Мы деремся за уважение к человеку. Безразлично, друг он или враг. Человека либо уважают, либо не уважают. И дело тут вовсе не в милосердии, а в чем-то неизмеримо более высоком. Расстрелы заложников? Военная необходимость. Можно быть в большей или меньшей степени жестоким. Можно избегать ненужного кровопролития, пощадить безобидные развалины, хотя вопрос тут ставится совсем на другом уровне. В опасности человек всегда становится в какой-то мере жестоким, грубым, невоспитанным. И в этом смысле люди не отличаются друг от друга сколько-нибудь существенно. Конечно, к врагам они безжалостней, чем к своим. Но при всем при том расстрел заложника может сочетаться с высочайшим уважением к человеку. Существуют палачи, которые обнажают голову перед своей жертвой. Одно дело — расстрелять бесстрашного лазутчика. Другое — презирать его. И я дорожу уважением, возвышающимся над жизнью. Равно как и воинскими почестями, которые положено отдавать пленным.
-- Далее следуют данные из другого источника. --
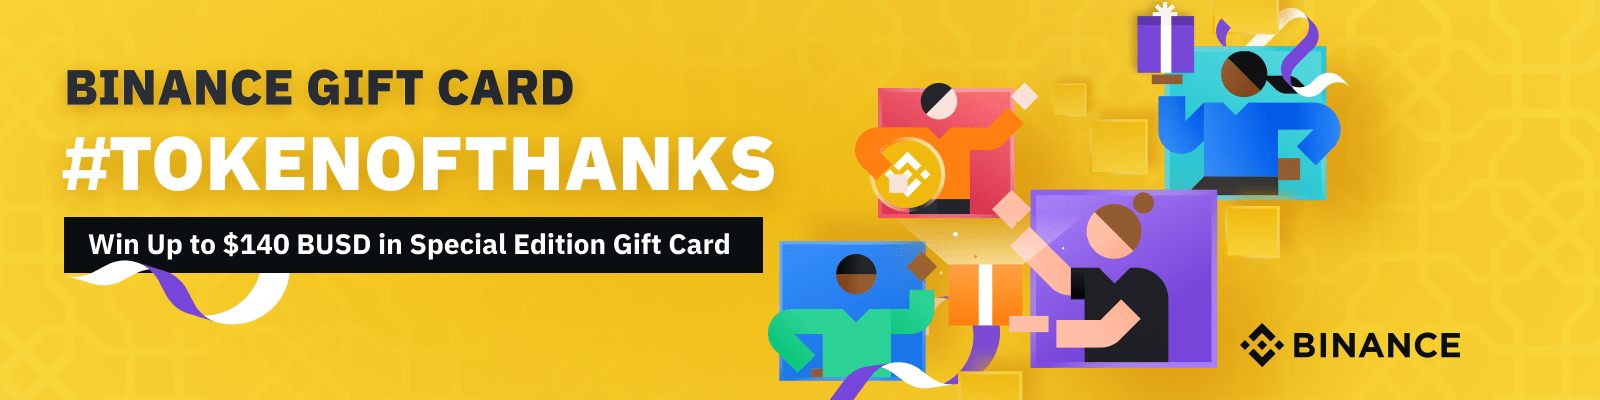 Thẻ quà tặng Binance #TokenOfThanks Khuyến mãi: Kiếm tới $ 140 BUSD trong Thẻ quà tặng phiên bản đặc biệt 3

Здесь же речь идет совершенно о другом. Нацисты презирают человека, всех людей, своих и врагов, коль скоро так бессовестно используют сокровенные движения их души, коль скоро ловят проявления сострадания, благодарности, любви, усталости, чтобы дать им такое омерзительно механическое применение. Я вспоминаю такое же [нрзб.] у детей. Вспоминаю своего соученика по коллежу, робкого, несуразного двенадцатилетнего мальчишку, который обменивался наивными письмами с сестрами, письмами, полными мелких домашних сплетен, мелких нелепиц бедной семьи, надежд и простодушных порывов гордости. Но сам он был не[способен?] на гордость. Пачку этих писем выкрал один хулиган. И вот он влез на учительскую кафедру, а несколько других хулиганов держали багрового от стыда мальчика, вынуждая его слушать, как под оглушительные взрывы хохота публично оглашают его тайны.